We examine probability, we examine outcomes or likelihood and severity. We can think about essential minerals in that very same light. Some materials, like iron, are abundantly supplied globally. From Australia, approximately 9 billion tonnes each year, thank you very much. Then, compare that to China’s a few hundred million tons, as well as Brazil. So iron ore is fairly well supplied on a global scale, but materials like rare earth elements, for instance, are still predominantly mined in China. Currently, we’re expanding production in a few other countries, whether it’s Myanmar, albeit at significant environmental and social cost, and also in Australia, where we have been enhancing our output, thus beginning to introduce a bit more diversity into the rare earth supply chain. However, at present, it’s still around 75% from China.
When you contemplate that, you would say the supply risk for global rare earths, for instance, is notably high. In contrast, when evaluating the supply risk for iron, we might categorize it as quite low. However, examining the economic significance, certainly iron is much more widely utilized. It’s in construction, it’s in automotive industries, it’s in aerospace. Many of our electronic devices still contain some iron, and so when we’re discussing all these factors, we’d assert that the economic vulnerability for iron is extremely high.
Compared to, say, rare earths, where it’s somewhat more mid-range, possessing more specialized technologies, but of course, those specialized technologies, whether it’s renewable energy, electric vehicles, and all the other applications we utilize rare earths for, especially chemicals, specialty alloys, and even in electronics, we highly value that material and we depend on it. We require it to help us tackle challenges such as climate change mitigation, and so forth. That’s the typical framework we consider regarding essential minerals. Broadly speaking, if we delve into semantics, when we refer to minerals, we might be discussing a metal, an element, a material, or a fuel.
Usually, if you look at something like helium, for instance, it might often be deemed essential, yet it’s a gas; it’s not precisely a mineral. But just to keep policy language straightforward and so forth, we typically refer to minerals. The EU, of course, uses the term critical raw materials. There are variations on that theme, but essentially it’s anything, any materials in whatever form that flows through our societies to obtain the items we desire.
MB: I always consider essential minerals as metals, and I have a somewhat informed layperson’s perspective on this because I’m on the demand side. I examine the global transformation in transportation, worldwide energy transformation, matters of that nature, which generates a specific category of demand, particularly for EVs and renewables. We have adequate quantities of these materials to build those technologies as a means to decarbonize our economy and energy services. I’m on that front, so I receive information from that perspective, and in that sense, certainly one of the major topics is the two primary battery metals that are discussed: cobalt and lithium.
From my viewpoint, is that accurate? Is there another metal that tends to gain your attention or is emerging as a concern for you at the Critical Minerals Intelligence Center?
GM: No, I believe when you examine the recent criticality assessment we’ve conducted for the UK, many of the specific elements or metals deemed critical are largely the same as those in the EU and the US and others. Now just by, I suppose, a peculiarity of the data, palladium is no longer considered critical, but the other four platinum group elements are still listed as critical, especially platinum, rhodium, iridium, and ruthenium. Many of these make sense because those that we’ve labeled critical are necessary for all the technologies we need for net zero and the energy transition and similar matters. Thus, there are certainly some elements that I believe we could see increased demand for in the future, such as scandium, which is used for aluminum and scandium specialty alloys.

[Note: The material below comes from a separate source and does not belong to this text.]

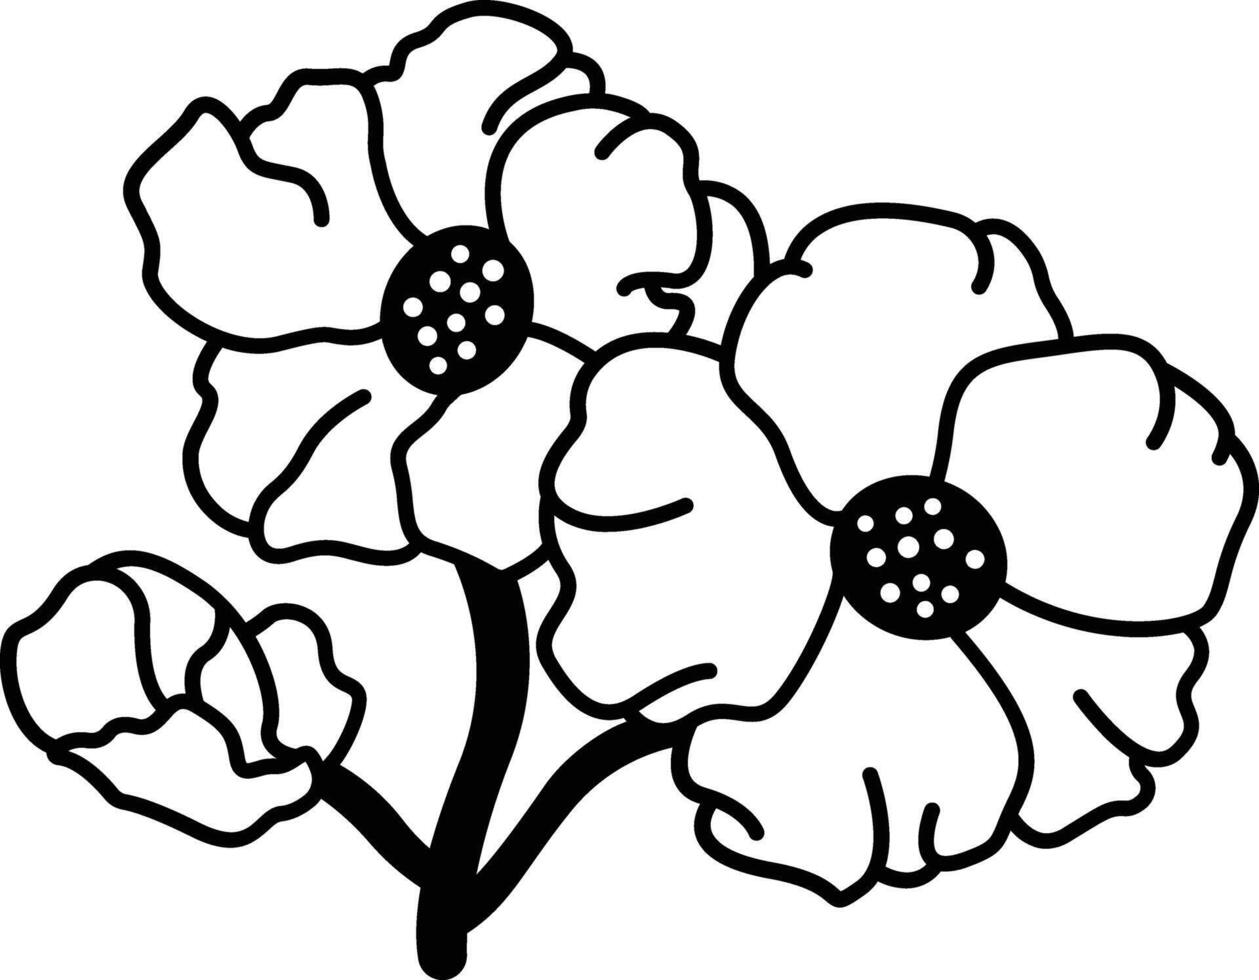 Nasturtium flower glyph and line vector illustration

Globally, no one has really attempted to develop supplies of scandium due to a lack of demand. Those on the demand side haven’t concerned themselves with it because there’s no supply. This typical kind of chicken and egg dilemma. Now, we understand historically, there have been numerous instances throughout mining over the past couple of centuries or so, whenever we reach those inflection points where demand begins to rise, and subsequently, miners think, ‘Oh, there’s demand there, we will start generating supply,’ and then things accelerate from that point onward. And, as expected, once it takes off, it becomes evident. You might observe this with aluminum as the entire Héroult process and the Bayer process transformed the economics of aluminum production, allowing it to be produced on a much larger scale.

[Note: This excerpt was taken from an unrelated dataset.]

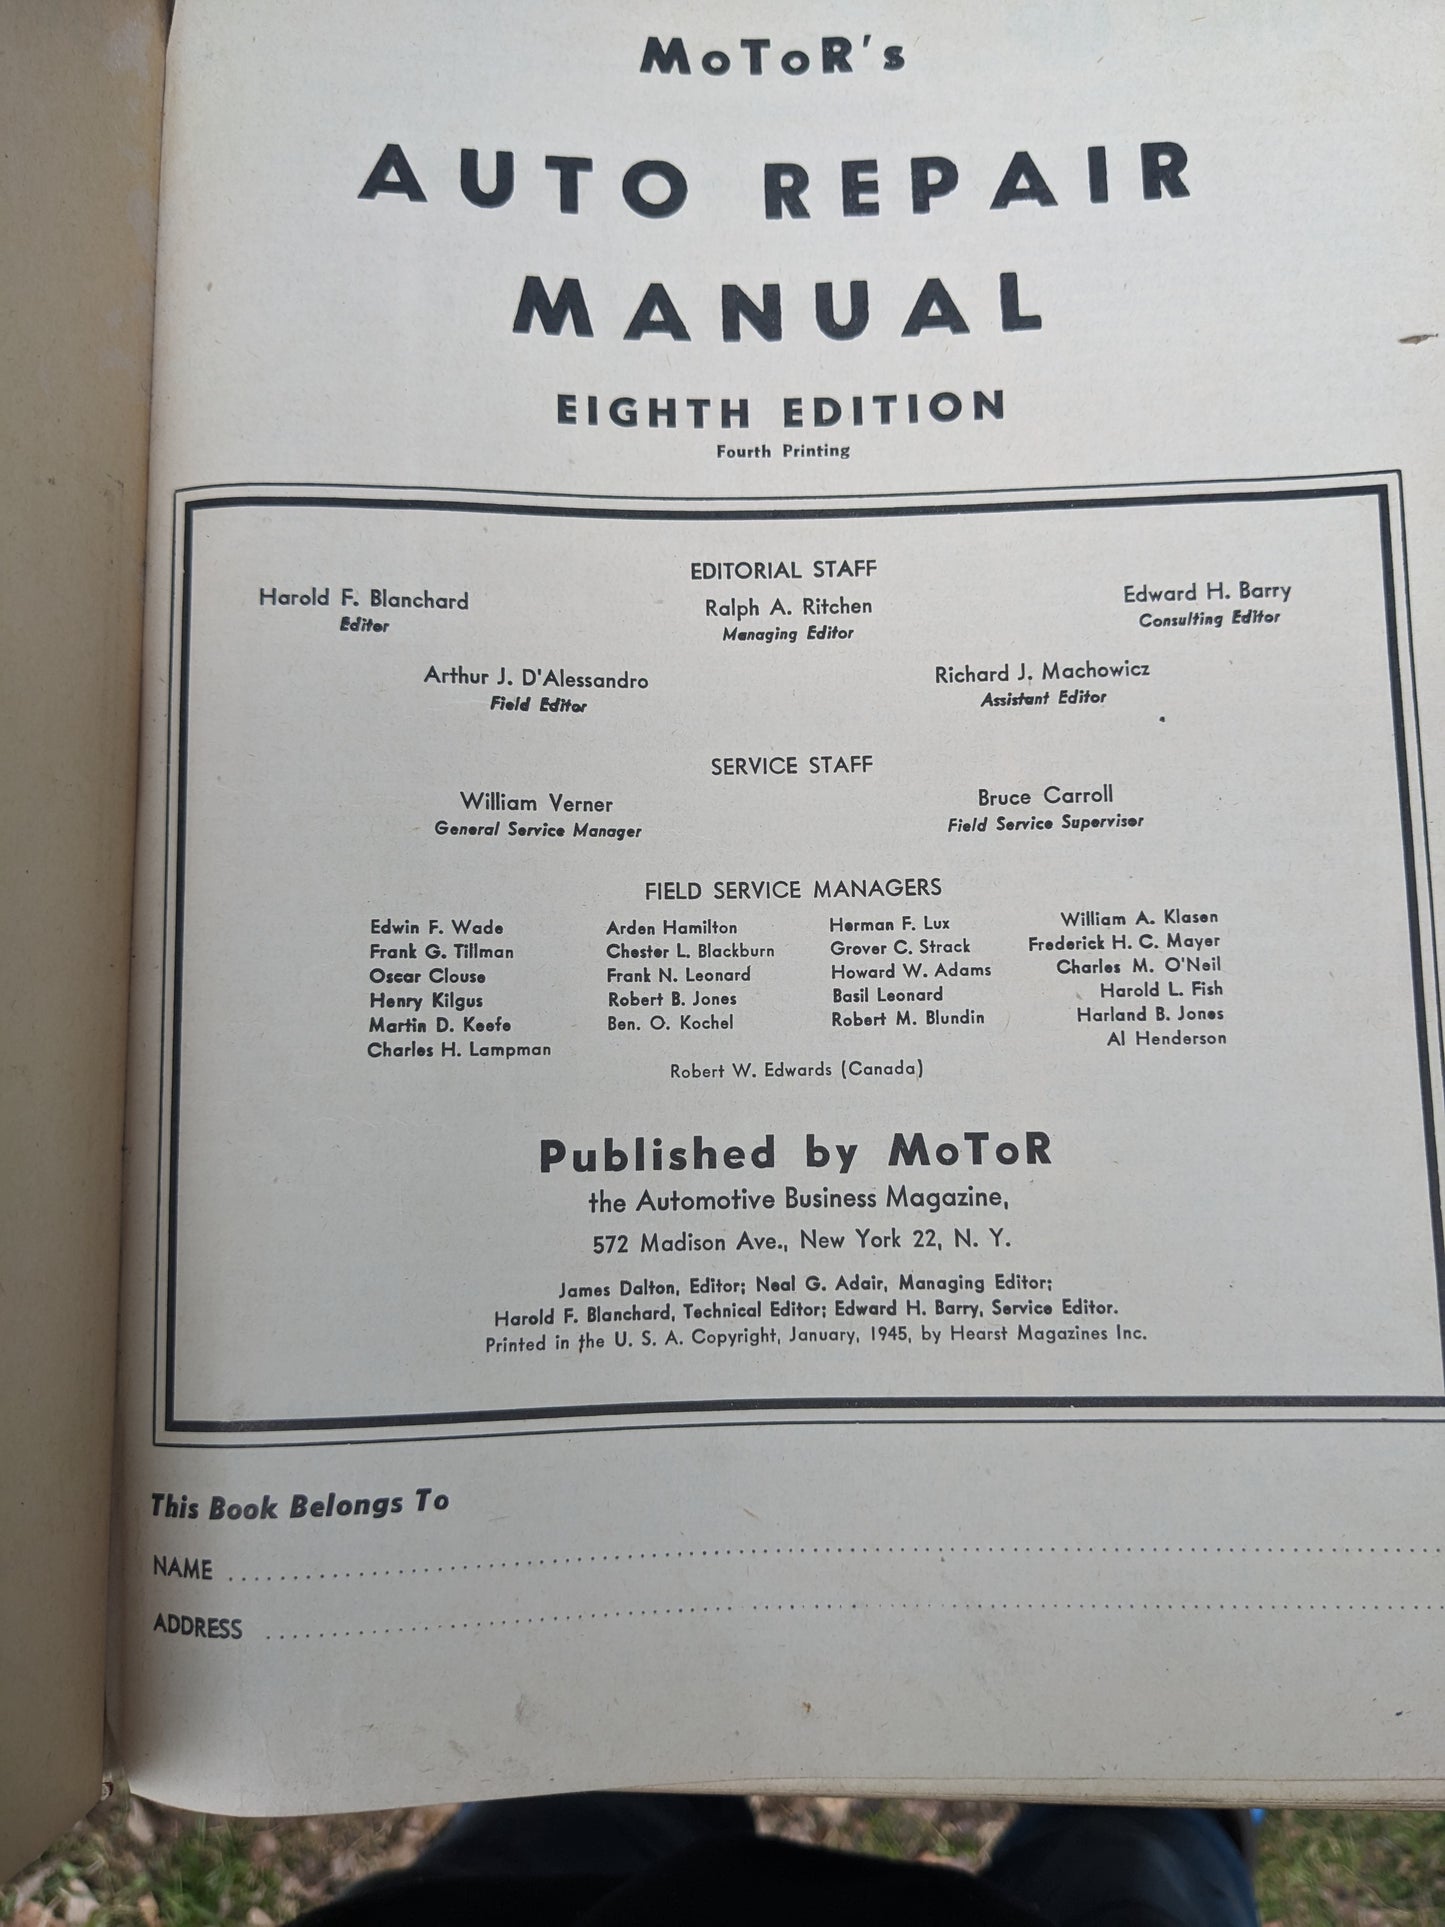 Motor's Auto Repair Manual, Eighth Edition, 1944

We were able to witness that rapid surge in demand for aluminum really take off. We’ve observed comparable trends in nickel where…
Inco, ultimately, in Sudbury, allocated a substantial amount in its formative years towards research and development, mainly promoting people to adopt stainless steel. They focused on essentially creating their own market demand. By encouraging the adoption of stainless steel, this established the need for them to enhance the supply. It was quite an inventive approach and something I believe that Inco, I think individuals have overlooked the significance of that innovation in the early years of Inco, over a century ago.
I think when you consider various elements, we are witnessing some of these factors unfold, certainly lithium is experiencing remarkable growth at the moment as a result of the current demand. The supply seems to be catching up somewhat. At present, what we are observing is a typical oversupply issue in the market that has caused prices to plummet. We are observing similar trends with nickel as well. I believe one aspect of cobalt that has surprised a few individuals in recent years is the shift towards lithium iron phosphate batteries in China. This development has significantly reduced the need for NMC-based batteries, which include nickel, manganese, and cobalt. As a result, we haven’t required as much cobalt.
For most of the past decade, cobalt production remained relatively stagnant. In the last couple of years, it has started to increase significantly once more. We will see where that leads. For at least the next decade, I believe we will continue to see that batteries for electric vehicles will primarily be lithium-based. There might be a role for sodium and other alternatives. It’s certainly challenging to predict exactly how all of this will unfold, and I believe it is difficult to foresee what happens beyond the next ten years, who knows?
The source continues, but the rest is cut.